Andrea Mantella è guarito dal Covid ed è tornato a parlare. Lo ha fatto collegandosi da un sito riservato con l’aula bunker di Torino, chiamato a testimoniare nel processo di ‘ndrangheta scaturito dall’operazione “Carminius-Fenice” gli affari e le attività dell’articolazione piemontese del clan Bonavota di Sant’Onofrio con ramificazioni nel Torinese e, in particolare, a Moncalieri e Carmagnola. “Se sono degno di essere definito collaboratore di giustizia lo decideranno gli onorevoli giudici. Io mi sono pentito perché ho capito gli errori che ho fatto”. È quanto ha dichiarato dal collaboratore di giustizia vibonese, ex boss dell’ala scissionista del clan Lo Bianco di Vibo Valentia che da pentito ha contribuito alla nascita del maxi-processo denominato “Rinascita Scott“. “Mandai dei killer a Torino per uccidere Antonino Defina, che dava fastidio ai Bonavota nell’edilizia e stava creando un gruppo autonomo”, ha svelato nel corso della sua deposizione Mantella ricostruendo un episodio di qualche anno fa. “L’omicidio non ebbe luogo – precisa il pentito – perchè gli esecutori furono fermati e controllati da una pattuglia delle forze dell’ordine. In Calabria uccidemmo, Domenico Di Leo, il suo braccio destro. Lo massacrammo a colpi di kalashnikov sotto casa sua. Io rimasi in auto, spararono due miei discepoli che volevano imparare il mestiere. Defina mi sfuggì parecchie volte dalle mani, era più intelligente di lui”.

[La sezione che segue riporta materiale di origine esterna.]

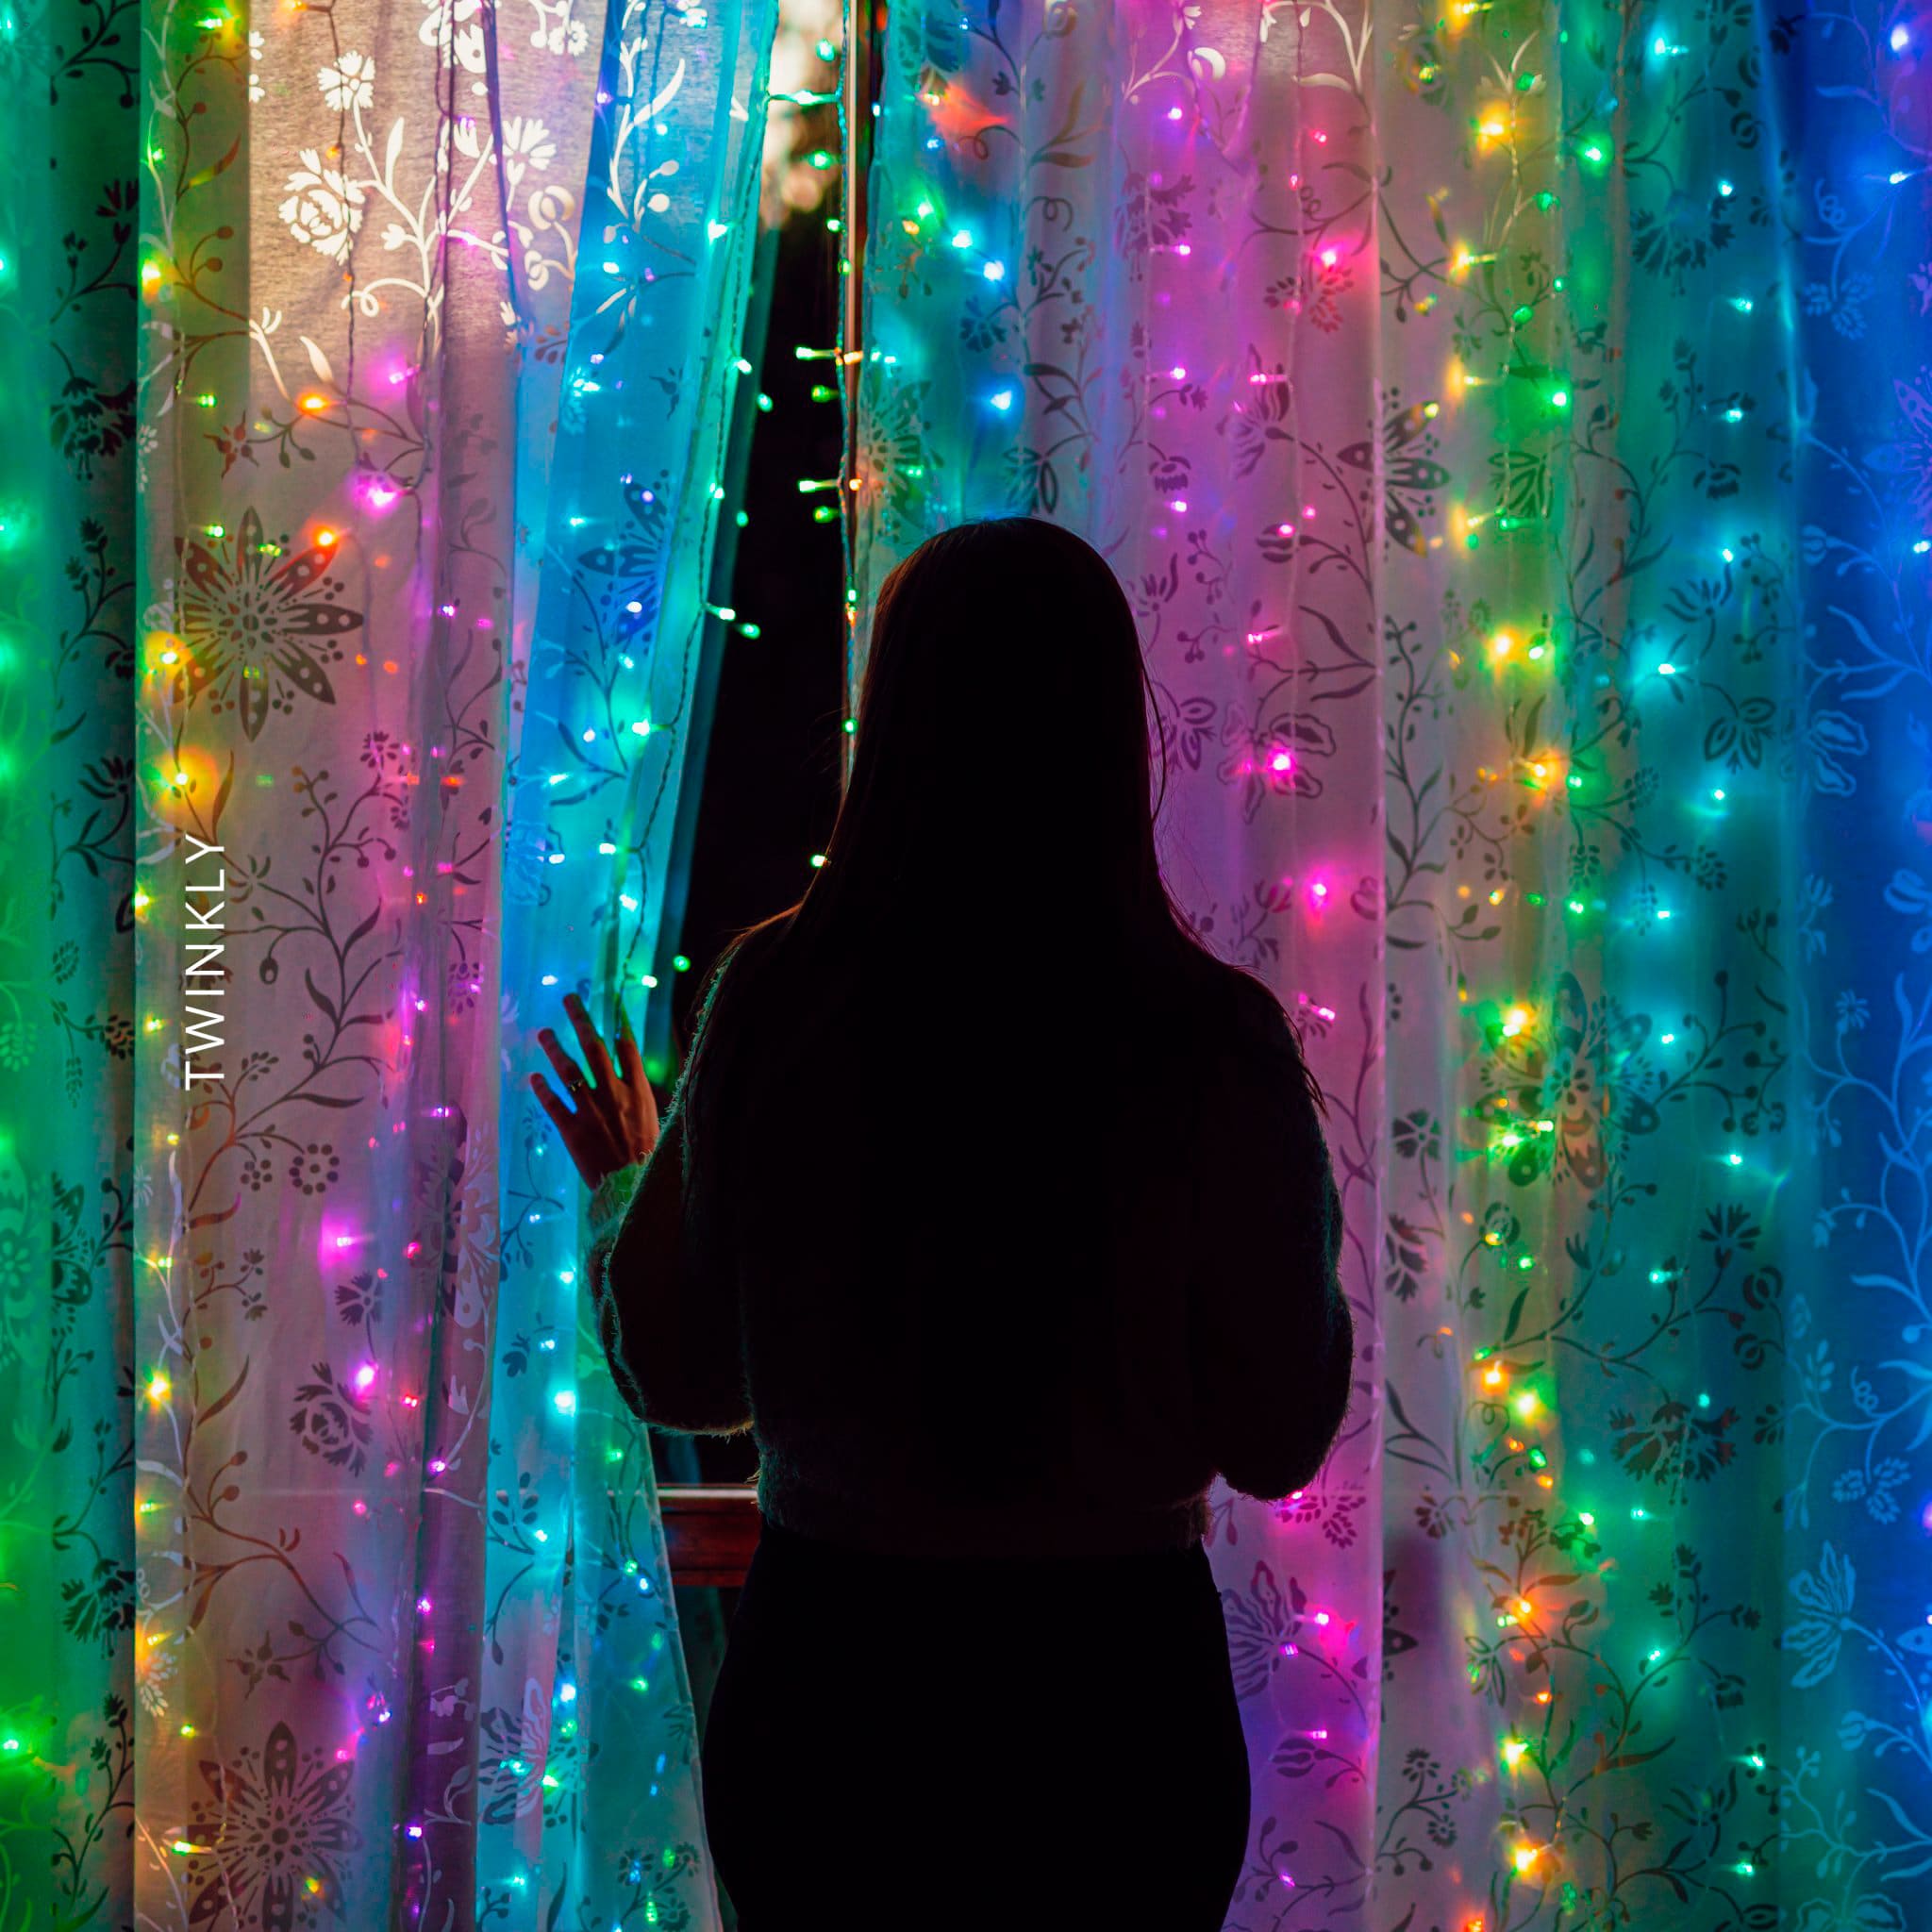 Фото — Гирлянда Twinkly Curtain 210 Multicolor LED (1x2.1м)

“Salvatore Arone è come Padre Pio”
“Salvatore Arone è come Padre Pio”
Mantella ha quindi raccontato come la ‘ndrangheta vibonese si è infiltrata nel tessuto economico e sociale di Torino e dintorni. “A Carmagnola la famiglia Arone e il clan Bonavota sono la stessa cosa: stessa fazione, stessa potenza. A Carmagnola, come in Calabria, si facevano le stesse cose”, testimonia il pentito citando una manifestazione religiosa (l‘Affruntata) tipicamente calabrese e “guarda caso – aggiunge il collaboratore di giustizia – presente anche nel paese del Torinese”. Soffermandosi sui ruoli interni all’articolazione piemontese dei Bonavota, Mantella ha ribadito: “A Carmagnola il capo è Salvatore Arone. Lui rappresenta i Bonavota ed è rispettato come un santo o padre Pio”.
La ‘ndrangheta e il magistrato da colpire
Mantella, inoltre, ha riferito rispondendo alle domande dei pm della Direzione distrettuale antimafia “che la ‘ndrangheta voleva colpire un magistrato di Torino”. Una volontà – così come riportato dal Corriere.it – che il pentito vibonese fa risalire a un colloquio con Francesco D’Onofrio, ex militante di Prima linea condannato recentemente in Appello per associazione mafiosa. “D’Onofrio – racconta Mantella parlando dell’episodio avvenuto in galera nel 2013 – mi disse che aveva dell’astio nei confronti della magistratura torinese. Diceva che le Dda di Reggio e di Torino lo stavano rovinando e che, per questo bisognava prendere dei provvedimenti su alcuni magistrati, sia in Calabria che a Torino”. Presente in aula, come sempre, anche l’ex assessore regionale Roberto Rosso, imputato di voto di scambio politico-mafioso.
La guerra di mafia vinta dai Bonavota
L’ex boss ha raccontato anche il suo percorso criminale: da “picciotto” dei Lo Bianco fin “da ragazzino” fino a vero e proprio capo di un “gruppo militare autonomo” che si alleò con altre cosche, tra cui i Bonavota, in opposizione ai Mancuso. “La guerra di mafia è finita – sostiene – con la vittoria dei Bonavota. Hanno vinto sul campo. Non c’è trippa per gatti”. Per Mantella “i Lo Bianco furono quasi cancellati e i Mancuso furono messi in difficoltà”. Il collaboratore, che si è attribuito “tanti omicidi”, ha parlato di una “black list” di persone da uccidere. In due casi, però, non si fece nulla. Il primo fu quello di Rosario Petrolo, “che era all’ergastolo per la cosiddetta Strage dell’Epifania del 1991, diretta contro i Bonavota, dove morirono persone innocenti. Sapendo che forse gli stavano per dare un permesso premio, vennero da me e mi dissero: “Compare Andrea, due polli in un pollaio non ci possono stare: se esce devi ucciderlo”. Il secondo riguardava un boss “ma intervenne la “ndrangheta madre” e, dopo la loro mediazione, non intervenimmo”.